I've not settled on the brand yet, but for the cheaper brand (Kreg) I can't seem to find it in Mexico at all. Amazon US has it but won't ship it to Mexico. Mercado Libre has no track saws of any brand that I could find. Home Depot US doesn't carry it (it has similar items but not the actual one). Home Depot Mexico has even less.

Another brand that makes a track saw is Bosch. Bosch is more expensive. Perhaps marginally better. For the Bosch one, Home Depot US has it, but Home Depot mexico does not.
Amazon US has it and so does Amazon.MX, but the Mexican price is hugely marked up - it's 60% more expensive from Amazon.MX for the saw and track.

So I'm looking for suggestions - tool distributors in the US that will ship to Mexico and just add shipping & duty to US prices, or tools store chains in Mexico with web sites and a wide selection.

I've not bought stuff from ebay before, I think I did see an ebay.mx entry for one of these.

One hassle is the track is a 5 foot long thing. Aluminum, not heavy, but it can't be bent during shipping or its useless. So it's not easy to ship. I saw one being unwrapped on a video and it looked like it came in a light wooden box, so maybe it's ok. 

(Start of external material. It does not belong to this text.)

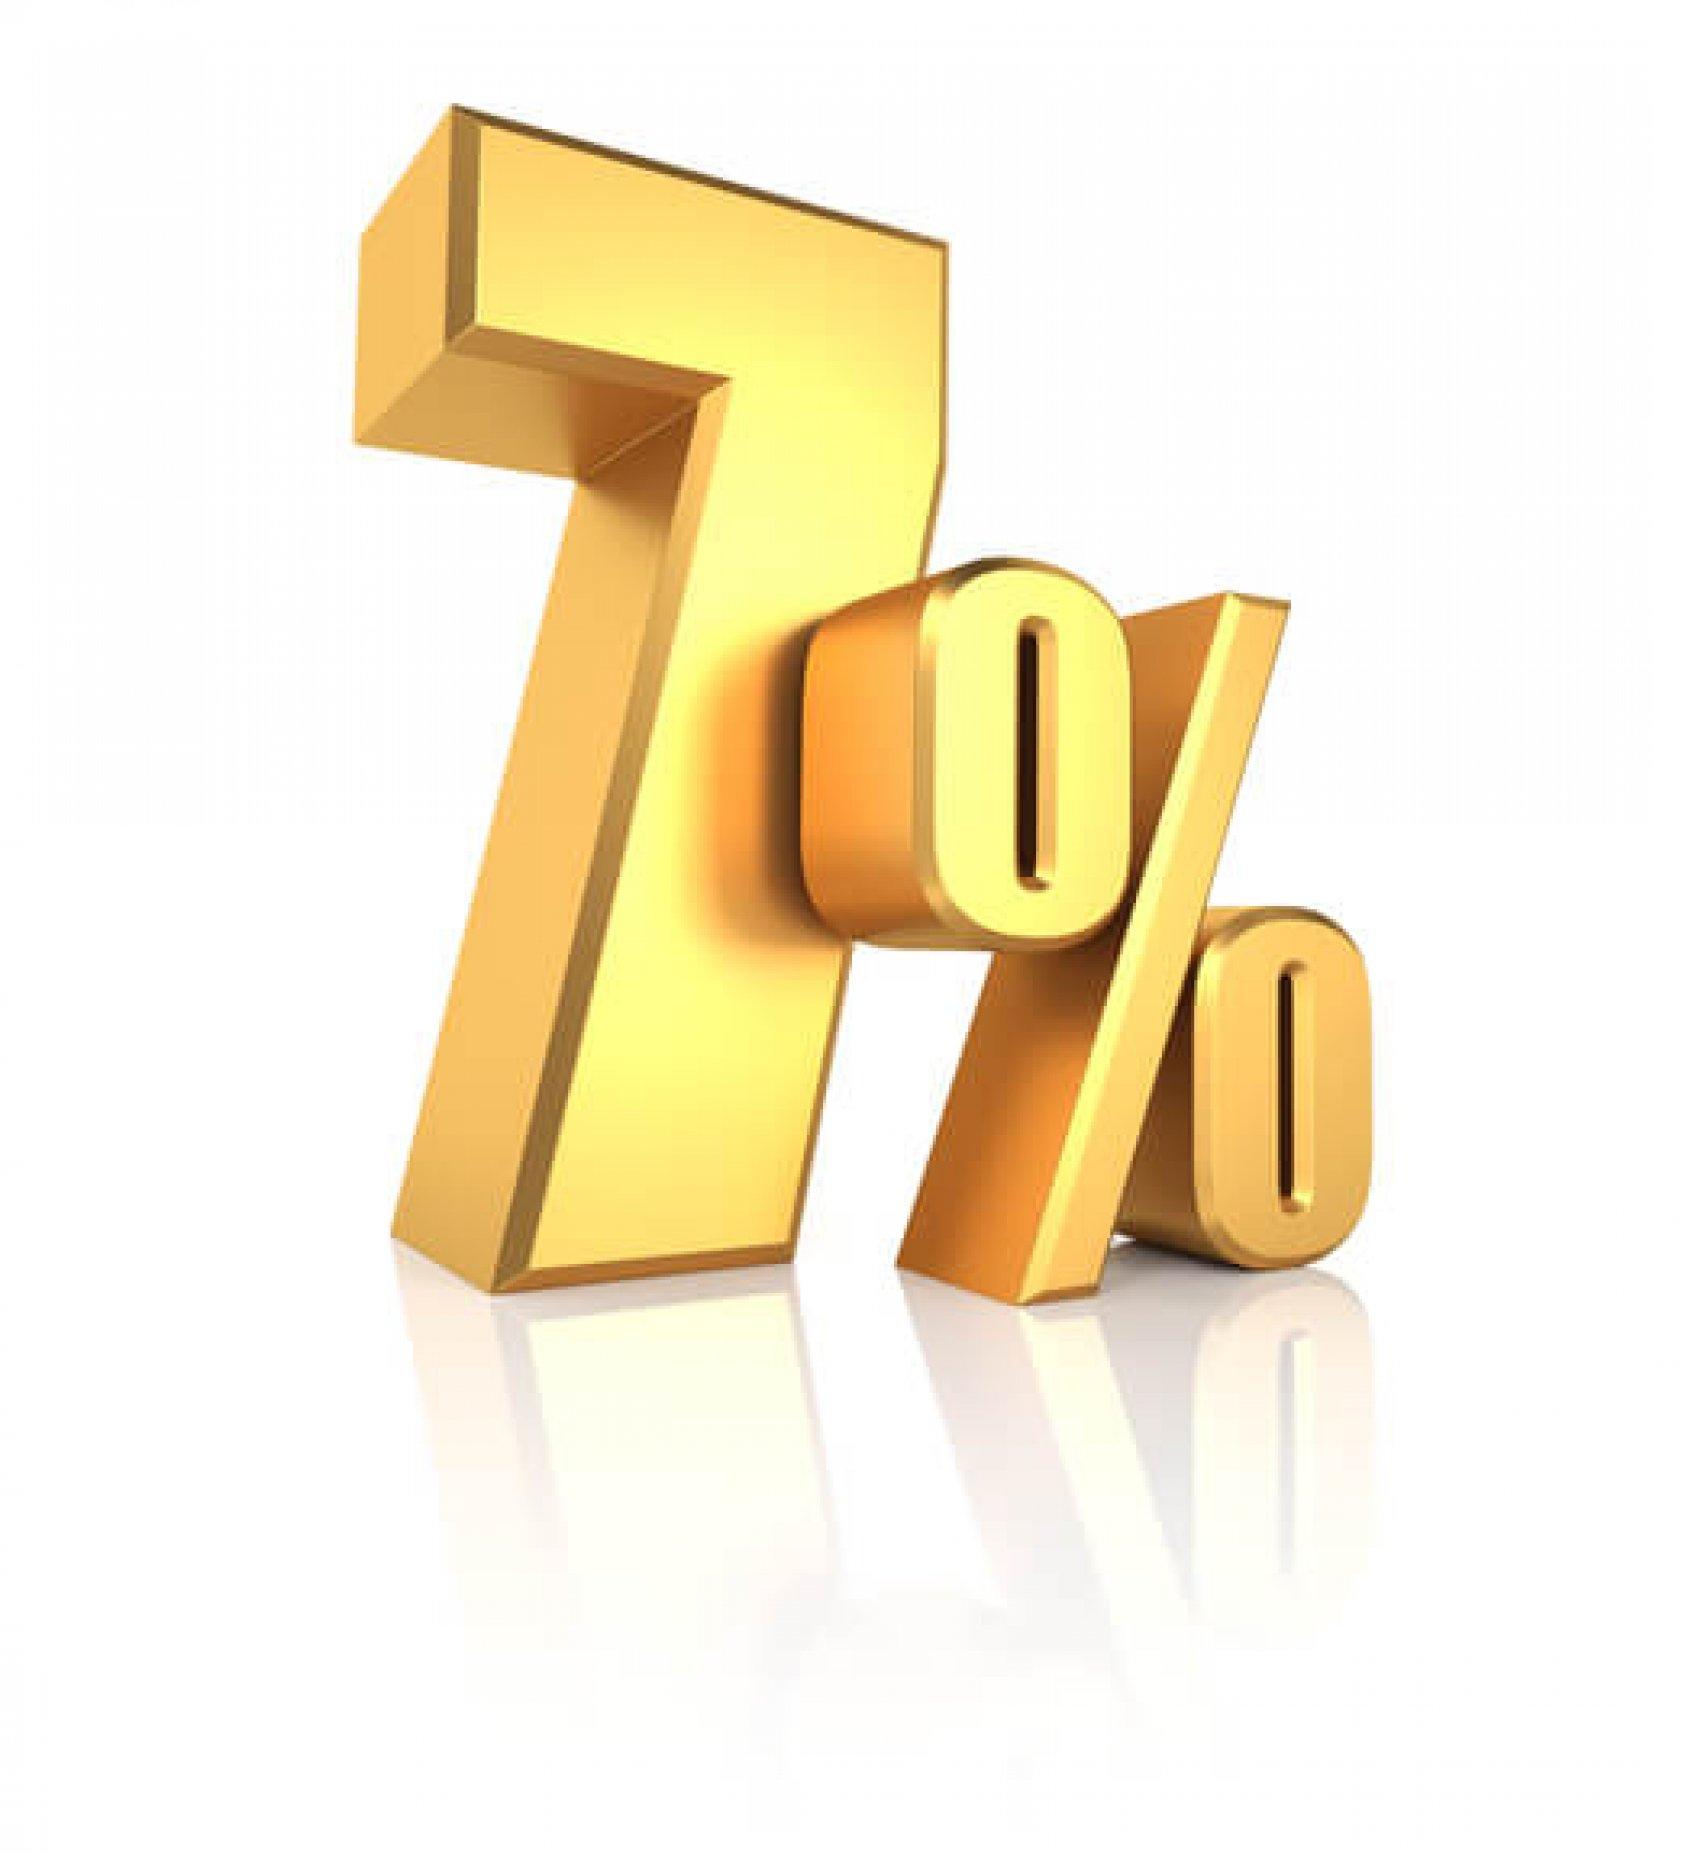 Umsatzsteuer, Mehrwertsteuer, Steuersatz, 7 %, 19%, Regelsteuersatz, ermäßigter Steuersatz, Fotorecht, Rechtsanwalt David Seiler, Nutzungsrecht, Rechtsgutachten

What I'd really like is to find a local tool store that can special order it for me, and will do so without marking the thing up like Amazon. 

Does anyone know if Home Depot Mexico will special order stuff available at Home Depot US?

Well, any help or suggestions appreciated. (Actually, I can think of some likely suggestions I won't appreciate, but barring those obvious negative ones).


----------



## MangoTango (Feb 8, 2020)

eastwind said:


> There's a certain type of power saw that I'm looking to buy (it's called a track saw). Rather expensive. I'm having trouble finding it in Mexico - I suspect there's not much market for that kind here. I want it for my hobby.
> 
> I've not settled on the brand yet, but for the cheaper brand (Kreg) I can't seem to find it in Mexico at all. Amazon US has it but won't ship it to Mexico. Mercado Libre has no track saws of any brand that I could find. Home Depot US doesn't carry it (it has similar items but not the actual one). Home Depot Mexico has even less.
> 
> ...


The Home Depot Mexico will not order anything from Home Depot US. They used to (before my time) but they had issues and stopped the practice.

I've never owned/used a track saw. But I am a Dewalt power tool bigot. If you went by price alone it looks like a Dewalt track saw may be the top of the line. (I've got these totally unfounded bad feelings about Bosch). I believe Dewalt is manufactured in Mexico (Toluca or maybe Monterrey) but I could be mistaken. Maybe just the components are made here. I have purchased direct from Dewalt Mexico with no problems. 

There is an online ferreteria (Ferretería en Línea que te Provee y Asesora) that has many many things. They often list stuff on mercado libre but also sell direct. You would need to determine exactly how to say track saw in Spanish or perhaps you could email them a picture and then have a conversation. I purchased a top of the line Honda lawn mower from them and it was delivered to the house in less than 24 hours (and we were hundred miles away).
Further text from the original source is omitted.